Its not surprising at all that they switched to a different language for data processing & pipelines, and its still somewhat surprising as that they chose Go, given that most teams in a situation like this would switch to the even more popular JVM/Spark/Storm/Kafka stack.

Finally, your statement that The real underlying issue here is that one CPU core is given too much work while others are more or less idle. isn't accurate - the issue is one thread was has too much work - no modern OS built in the last 20 years would allow a single process to hog all the CPU time unless you explicitly turned off the kernel's scheduling. The root of the eventloop issue, is eventloop specific and its even more Node-specific since the event loop is pretty much the only way to achieve concurrency in node. Other languages (like Go and Java) at least have options for other models of concurrency.

Consider the following - what if both processes got tied up? Do you just start another process? Would it feasible or wise to run 1000 processes (no it wont)? However this is a problem that you won't come across in Go by using goroutines and taking advantage of its scheduler, as you can easily run 1000s of goroutines performantly.

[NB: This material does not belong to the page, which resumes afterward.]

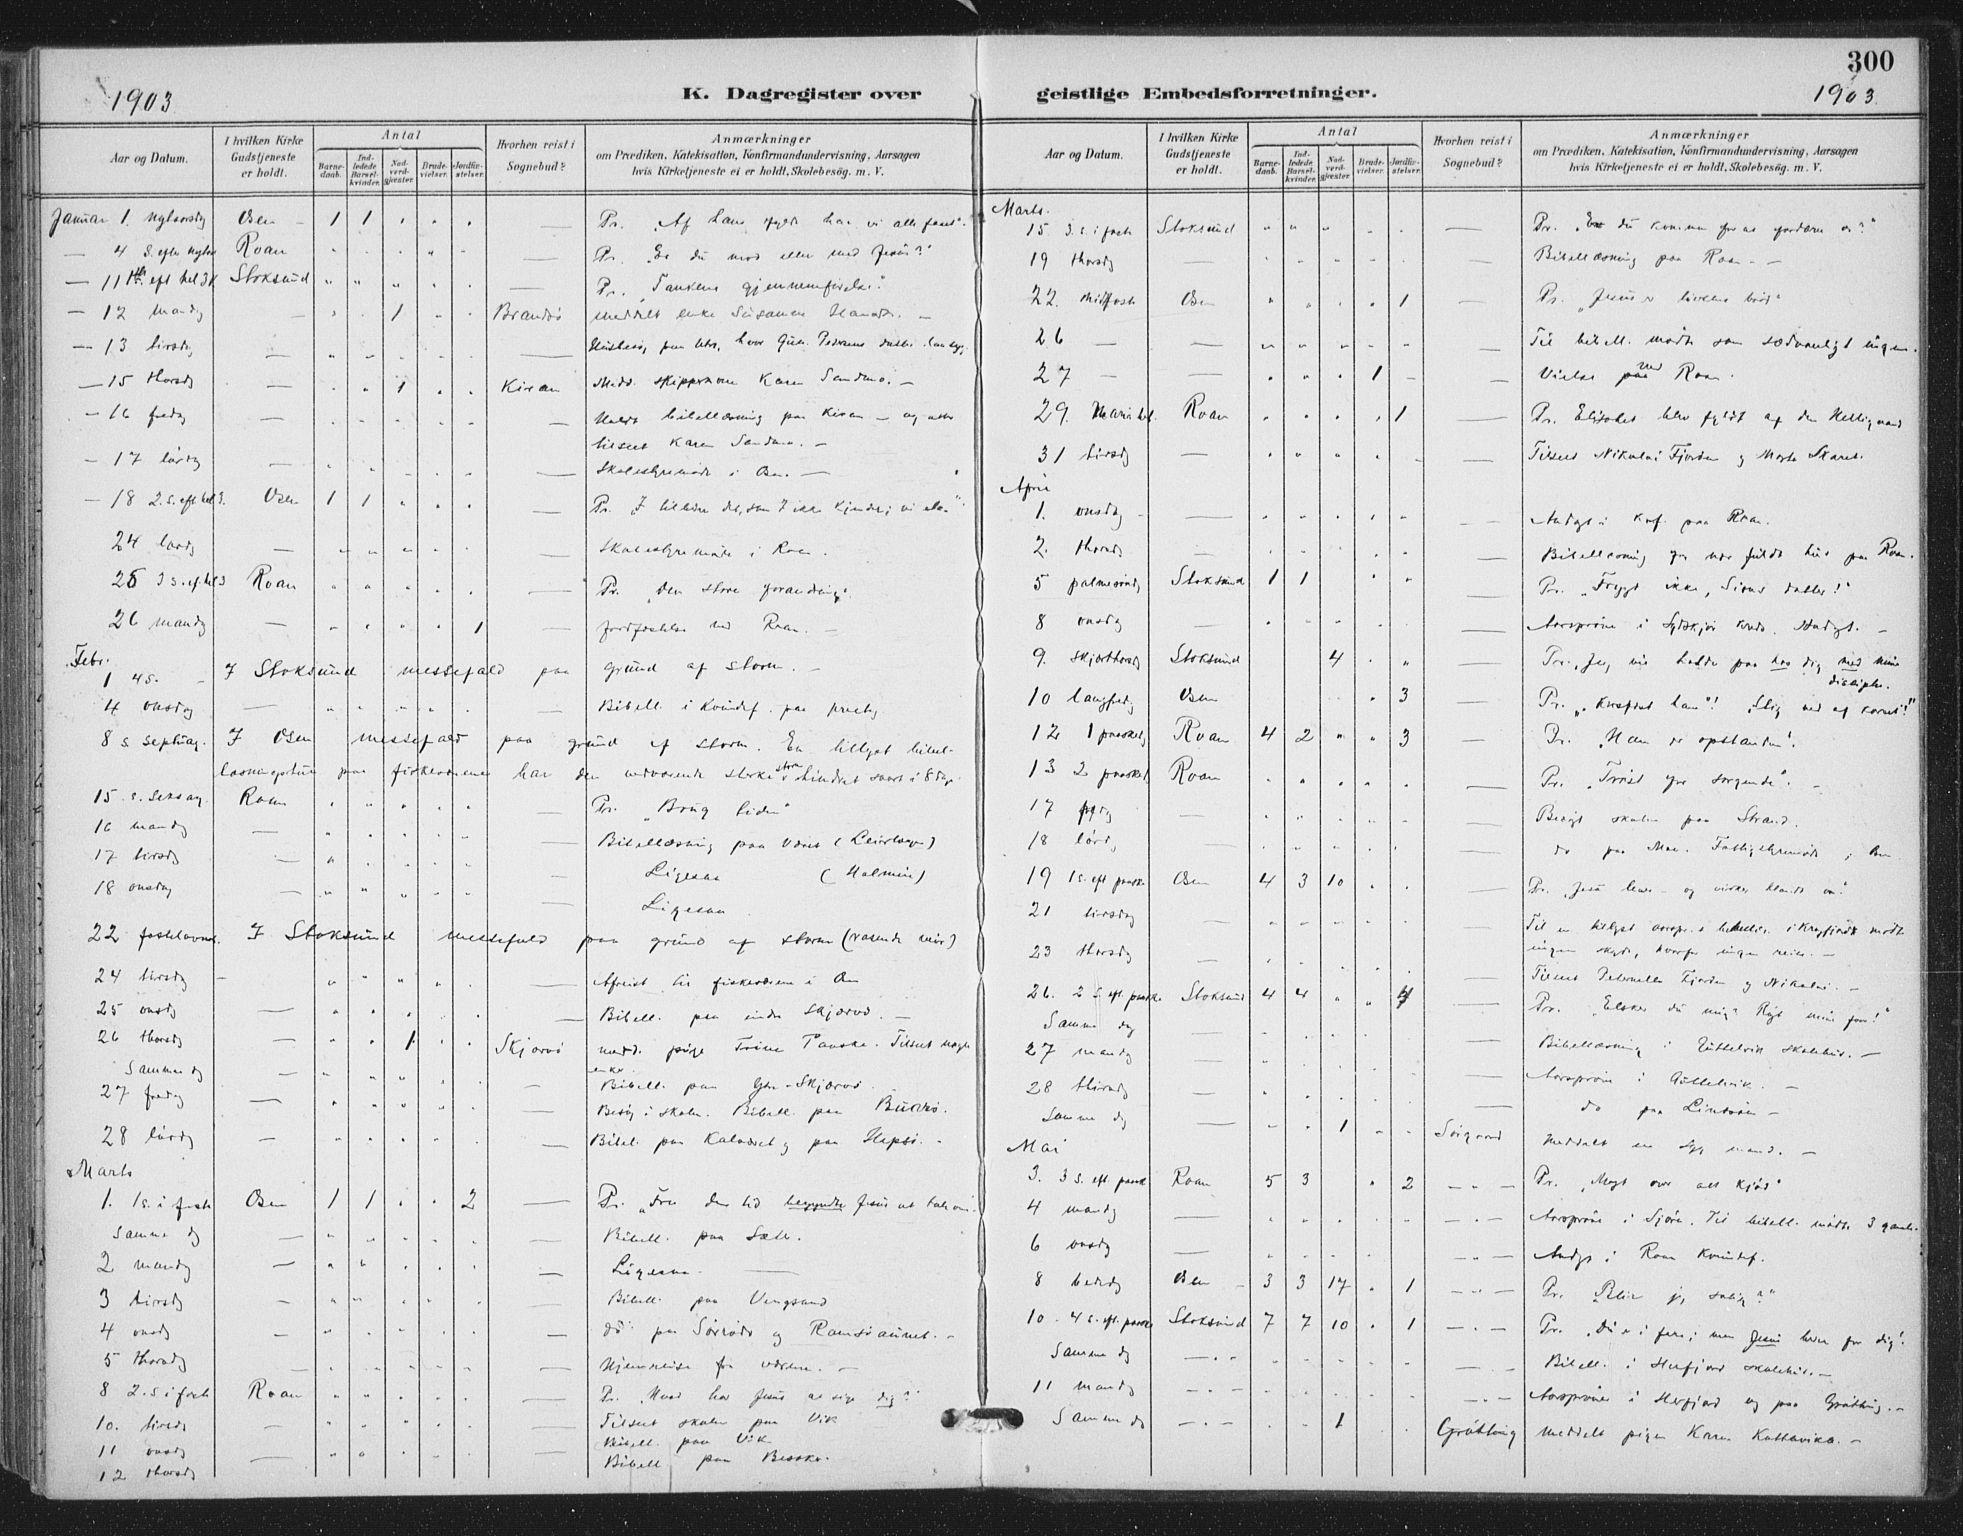 SAT, Ministerialprotokoller, klokkerbøker og fødselsregistre - Sør-Trøndelag, 657/L0708: Ministerialbok nr. 657A09, 1894-1904, s. 300

That said - this is a rather narrow use case to make the judgement that one language is better than the other - its just the case that Go is likely better suited for these kind of services.

> the issue is one thread was has too much work

The underlying issue is that when you have a consumer-facing API which accepts HTTP requests with a body, the first thing you should think about is limits.

> Consider the following - what if both processes got tied up? Do you just start another process? Would it feasible or wise to run 1000 processes (no it wont)? However this is a problem that you won't come across in Go by using goroutines and taking advantage of its scheduler, as you can easily run 1000s of goroutines performantly.

I have no experience of go, but my understanding is that goroutines are green threads multiplexed over a small thread pool. If you get 5 MB of JSON in N different requests (N=number of cores) at the same time, I don't see go generating free CPU time out of thin air. The usual way to go about these things in a language without multithreading is to have a queue and a process pool, but this also won't magically solve the issue if all cores are busy.

>If you get 5 MB of JSON in N different requests (N=number of cores) at the same time, I don't see go generating free CPU time out of thin air.

You don't, but the scheduler normally won't allow one thread to completely starve the cpu. Of course, its clear they should be using limits, however JVM, glibc threads scheduler or Go's green threads likely wouldn't allow a single thread to completely starve the CPU, eventually the scheduler will step in and divert resources to another thread.

Without limits in a threaded solution, you would see the latency increase, but you wouldn't see the application stop taking requests altogether.

However there are real benefits for having an event loop concurrency, so this shouldn't be taken as a reason one model is strictly better than another.

Every language requires you to be careful.

C makes you do array out of bounds checks. Javascript makes you worry about tying up your event loop with eg massive string processing.

Just get a friggin asynchronous JSON parser if you're running it on untrusted client input (ie any client input). It's not that hard.

Maybe node should provide a "tainted" feature for modules to mark variables that are "untrusted" and provide some warnings when functions like JSON.parse are run on them.

The upside of JS is massive - easier to reason about control flow than threads, and much easier to build something much FASTER and efficient than threads.

I think good languages require you to care about things that matter for your domain. For example, C's bounds checks are a consequence of demanding fine-grained control.

The problem for me with Node here is that whole cooperative-multitasking thing doesn't directly buy you anything. It's a historical accident, not a necessary downside of an otherwise-positive choice. That's distinct from a browser or a GUI environment, where letting a single thread control the display and events really does buy you things you care about.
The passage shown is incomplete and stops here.